Species of gastropod

Leucosyrinx melvilli is a species of sea snail, a marine gastropod mollusc in the family Pseudomelatomidae, the turrids and allies.

==Description==
The length of the shell attains 62 mm, its diameter 20 mm.

(Original description) The thin, shortly fusiform shell has a long spire. It is light yellowish red-brown. The protoconch is wanting. The 11 subsequent whorls are angularly convex, concave above, lower part with very oblique, somewhat irregular ribs, forming small tubercles on the upper whorls, thick folds on the lower ones. These ribs are not visible in the excavation, their number is 22 on the body whorl. tTe whole shell is covered with fine growth striae, intermingled with some coarser ones and very numerous, waved, spiral lirae, as well on the ribs as in the interstices and in the subsutural excavation. The body whorl is rapidly attenuated below periphery, ending in a rather short, relatively very slender siphonal canal, which is nearly white and sculptured with spirals in the same manner as the rest of shell. The aperture is oval, with a blunt angle above. The peristome is thin, fragile, the sinus according to growth lines probably wide, but not very deep. The columellar margin is regularly curved, but suddenly directed to the left, at the entrance of the siphonal canal, which is contortedly directed to the left. The columellar margin shows a white layer of enamel. The interior of the aperture is brown and smooth.
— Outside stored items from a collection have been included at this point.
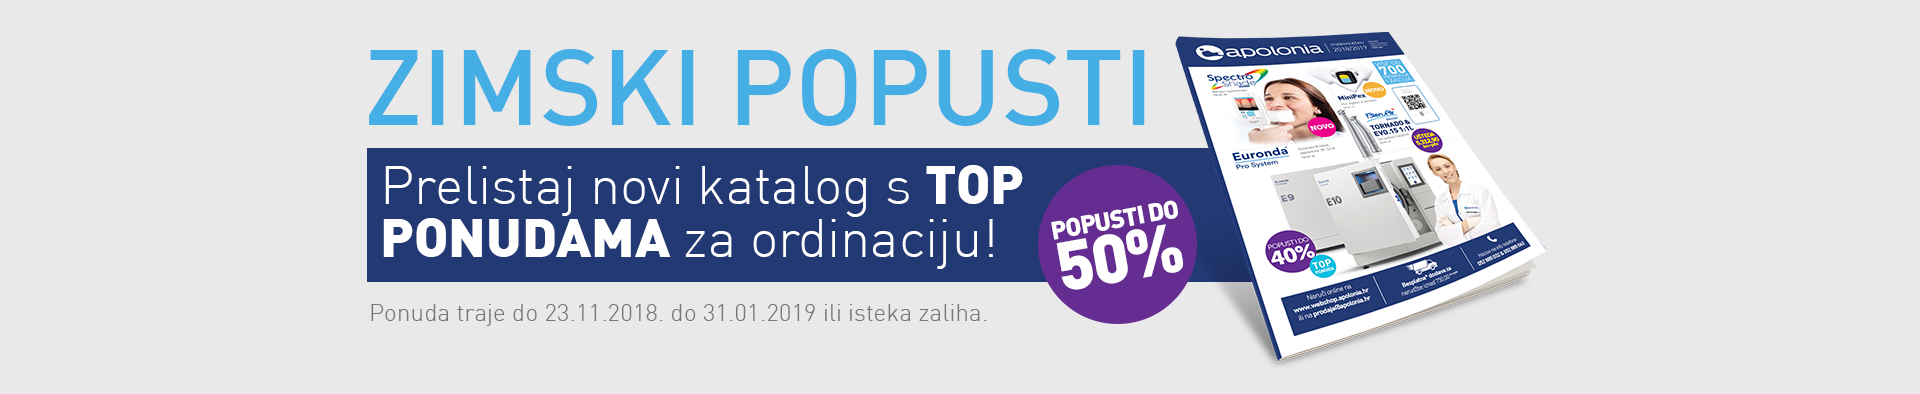 apolonia_katalog-zima-2018-2019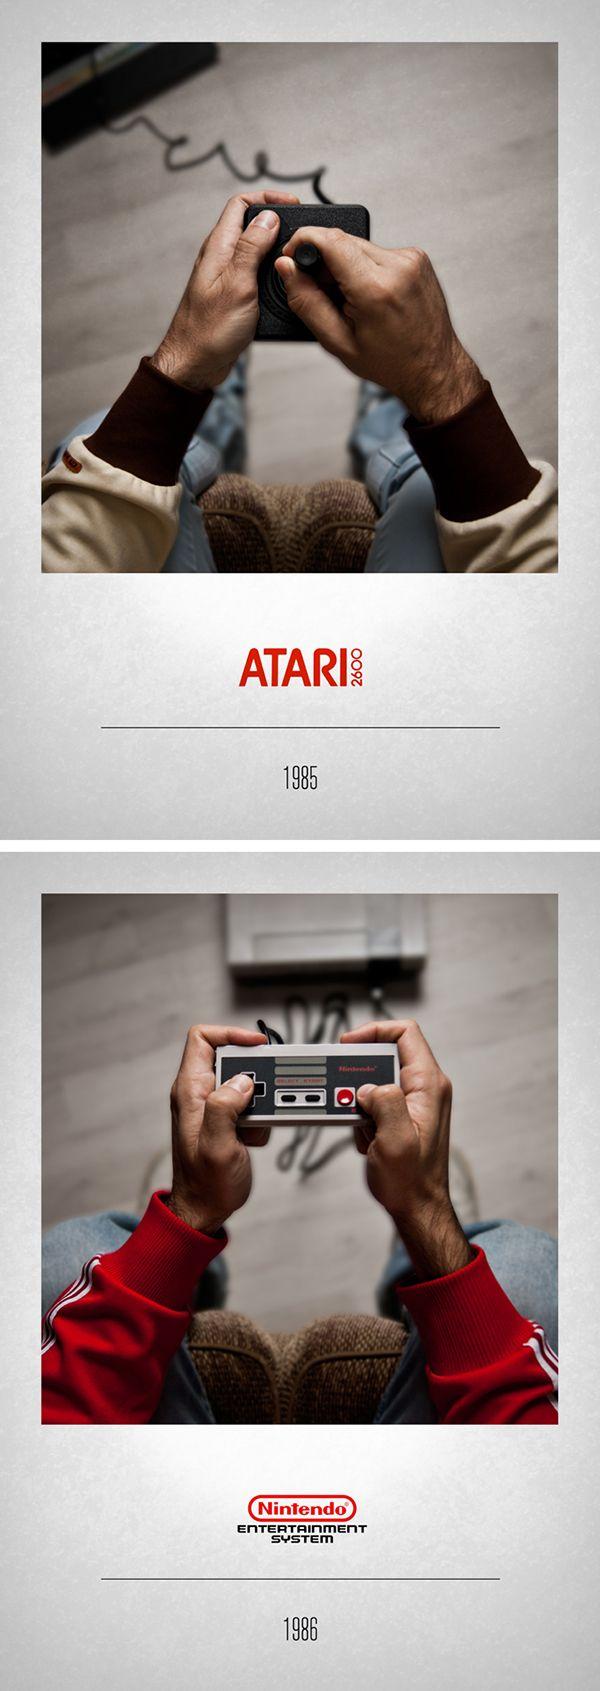 Ensaio fotográfico retrata a história dos controles de video game ao longo de 30 anos  –   VIP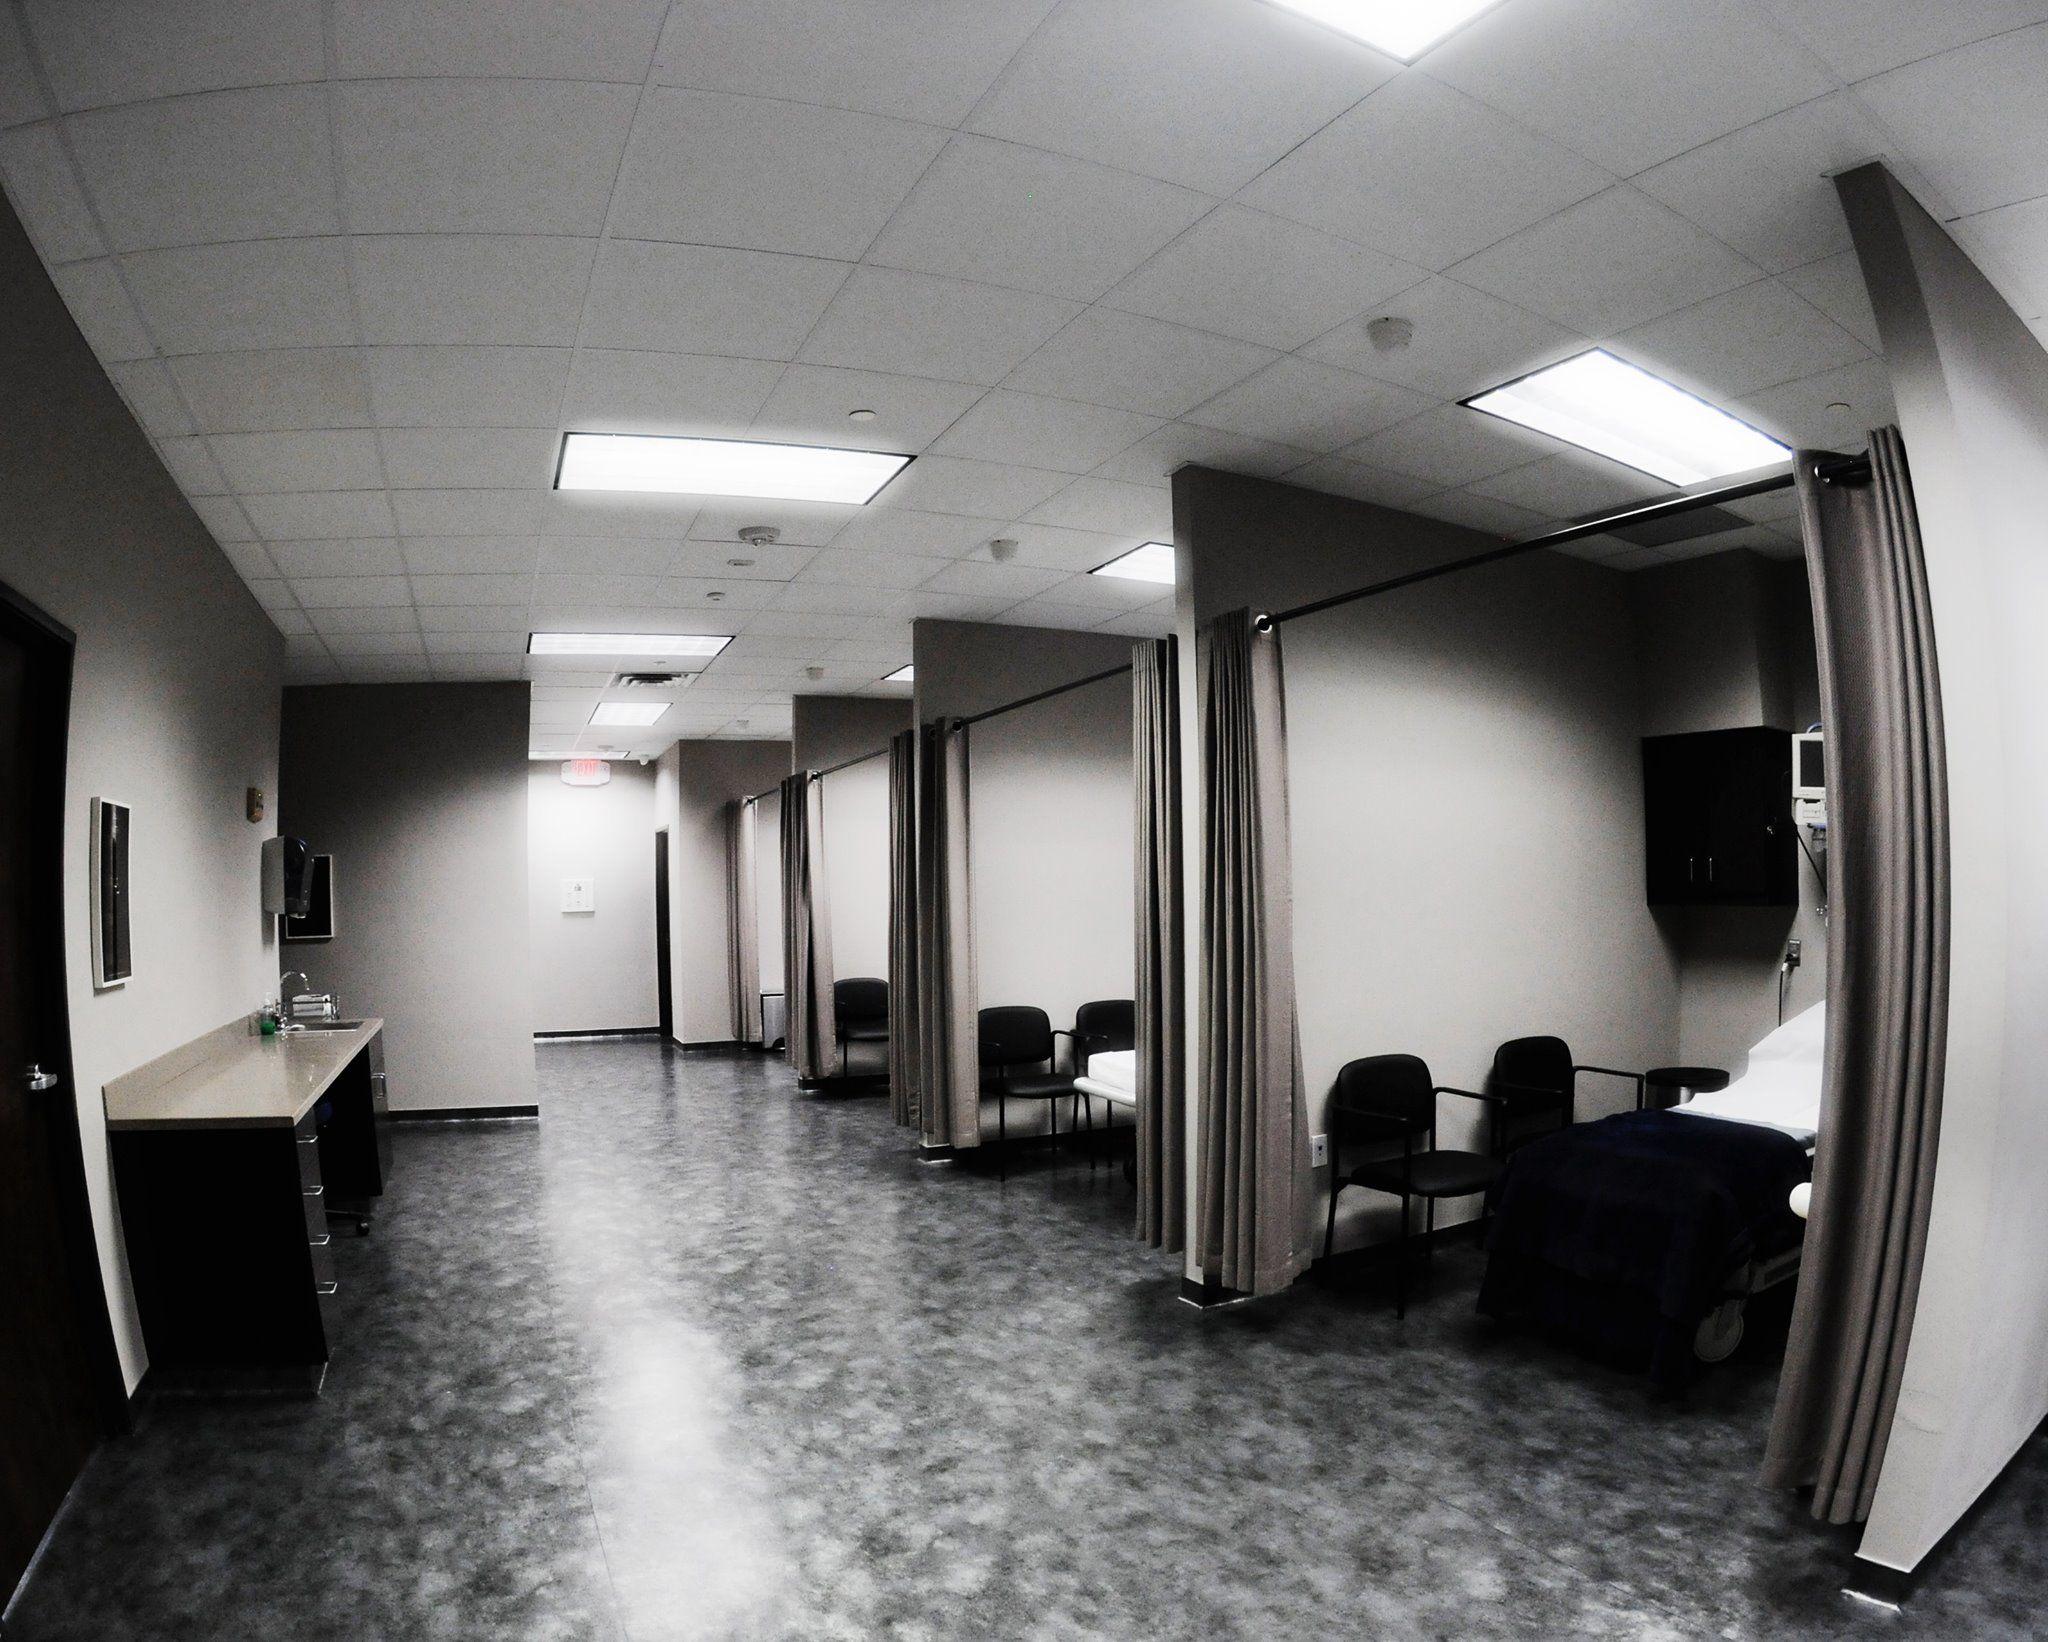 Jones Plastic Surgery Recovery Room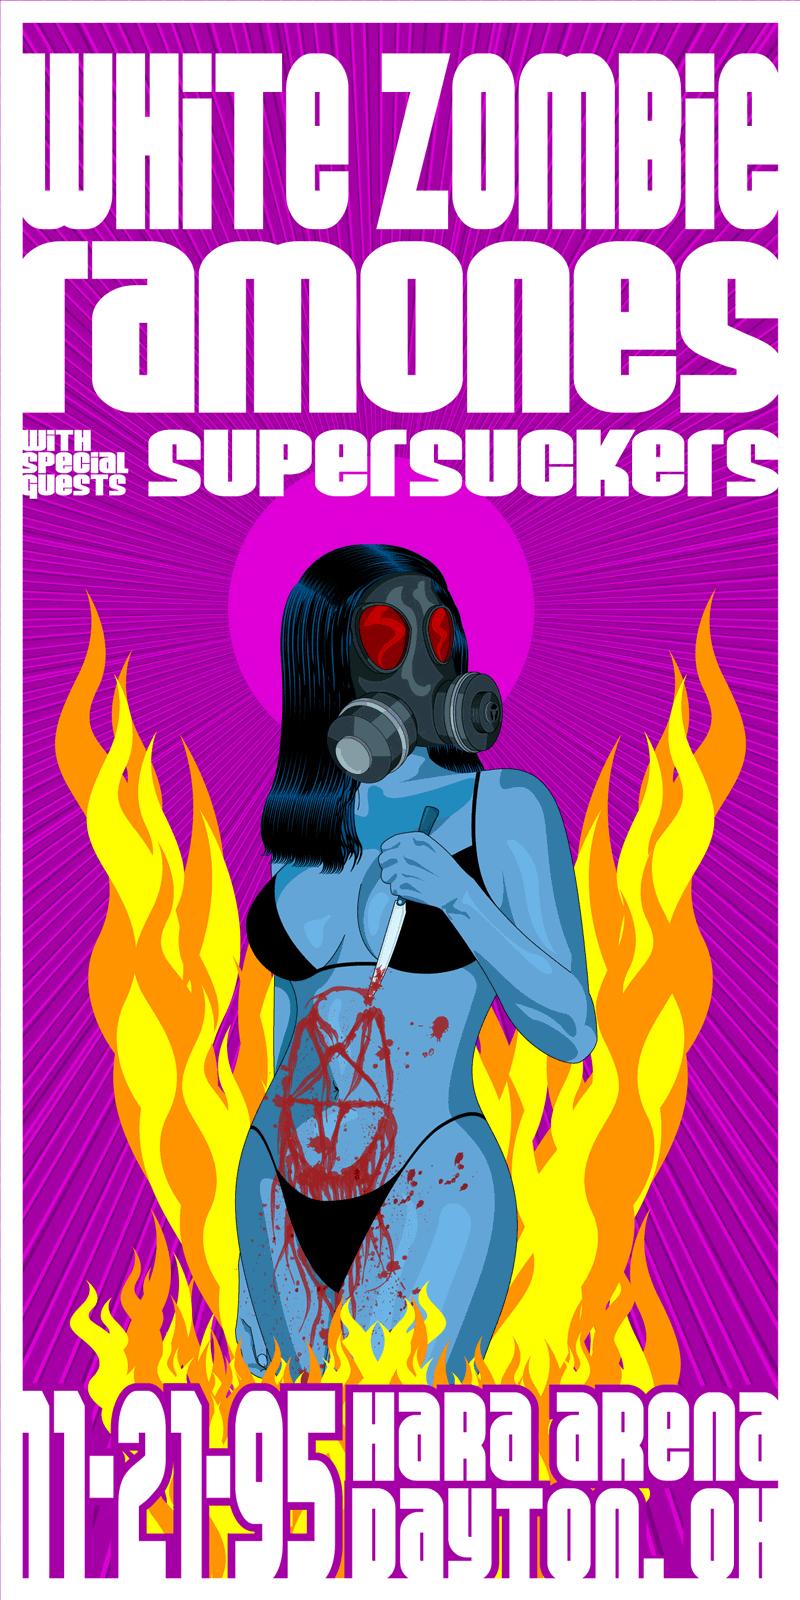 Ok, PANIC!: Rock Posters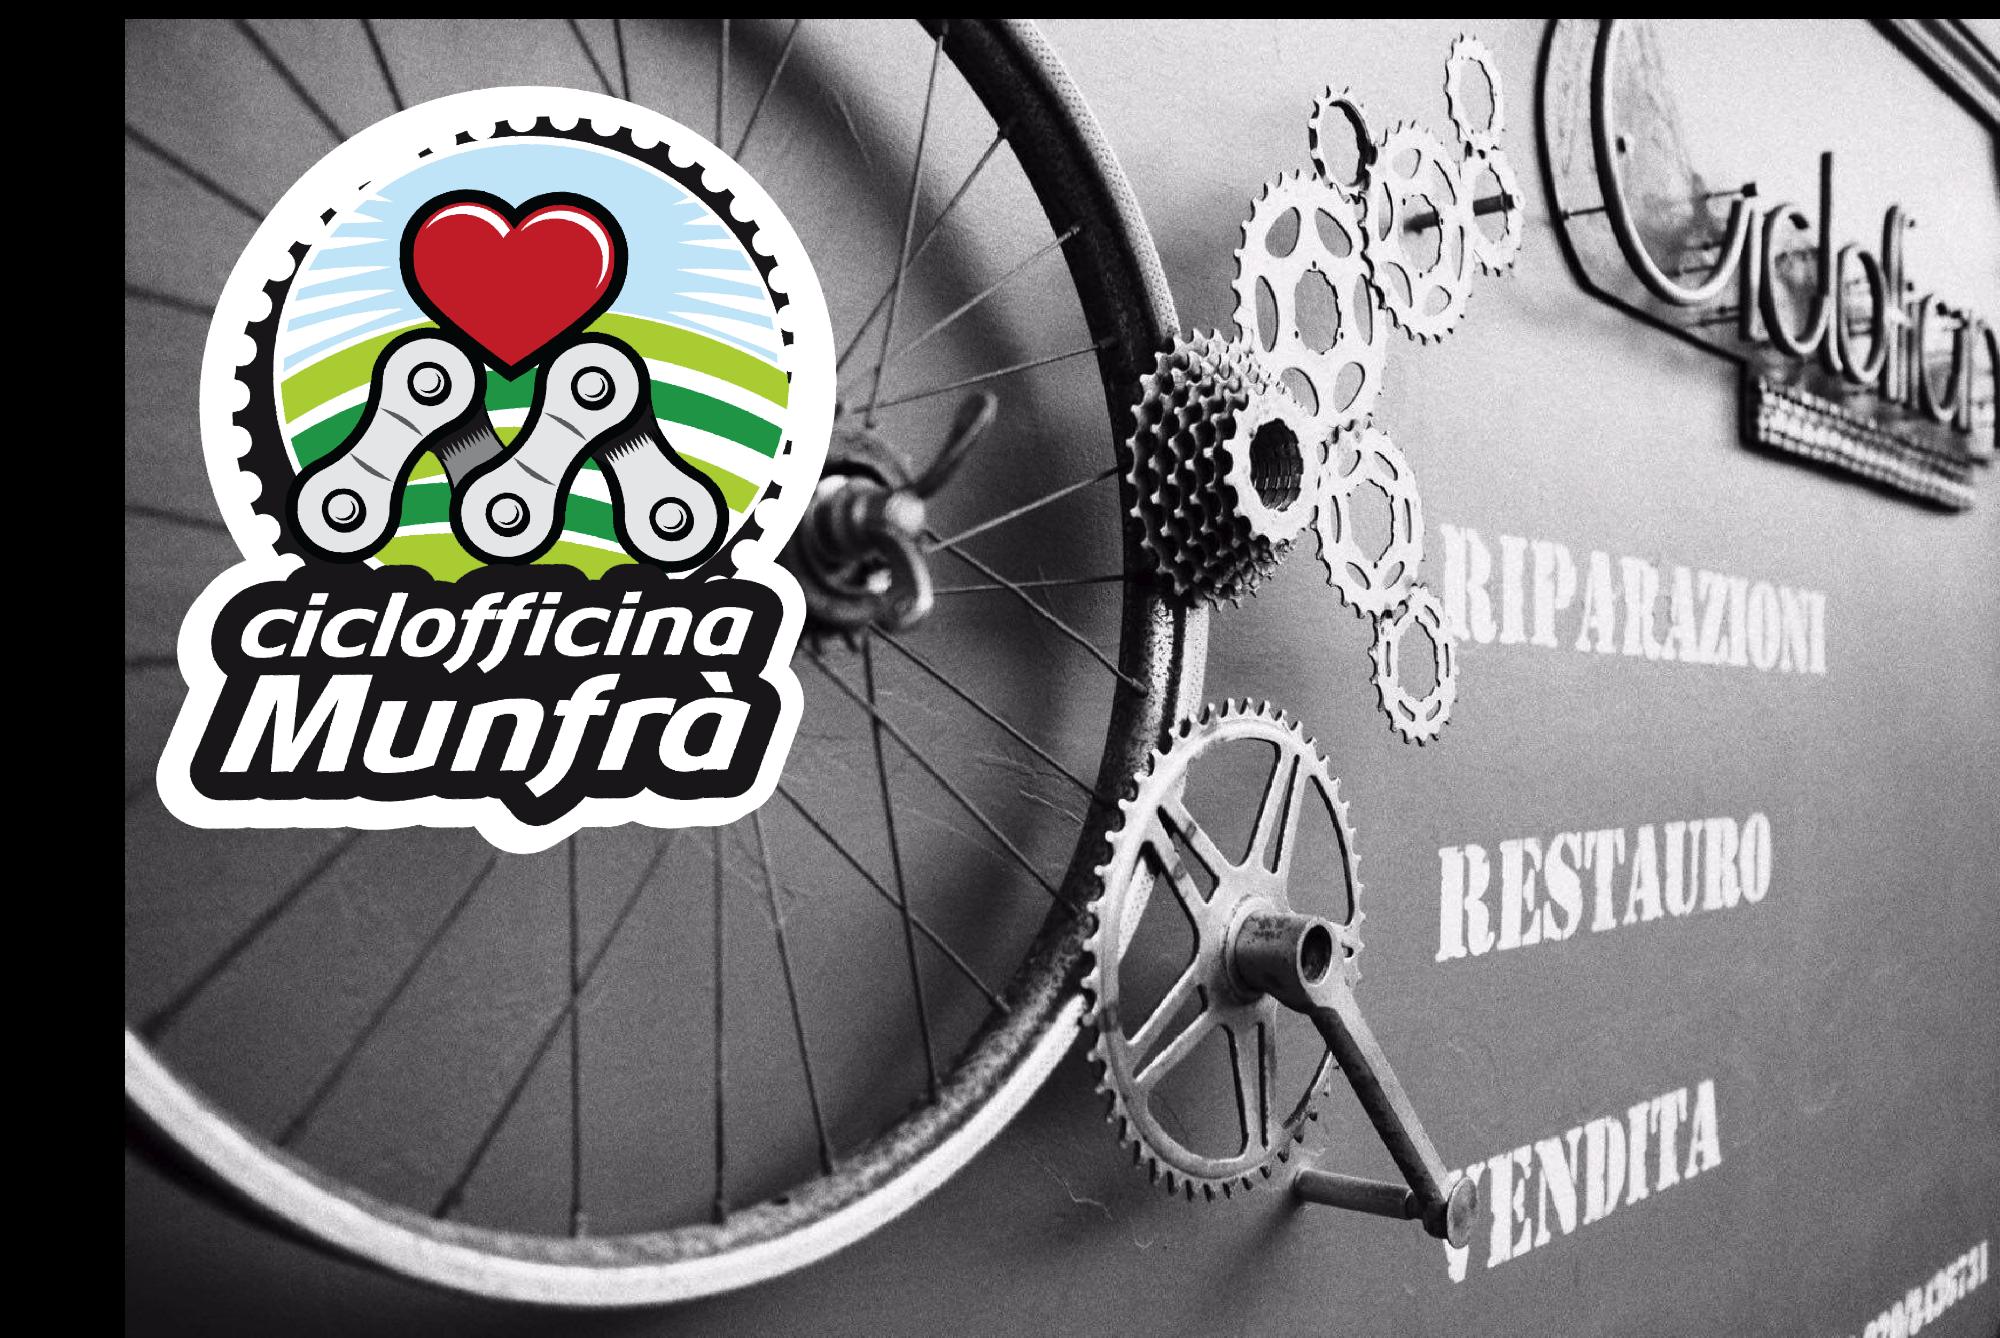 ciclofficina-a-pescata-attilio-pavone-1628349492.png

This species exhibits similarities to Leucosyrinx jeedara from Australia, albeit with notable differences in size (up to 62 mm versus 31 mm), a lower body whorl, a taller spire, and a cream coloration. Given that the anal sinus shape aligns more closely with species of Leucosyrinx than with Comitas, transferring the species to the former genus was proposed.

==Distribution==
This marine species occurs in the Timor Sea, near Indonesia at a depth of 918 m.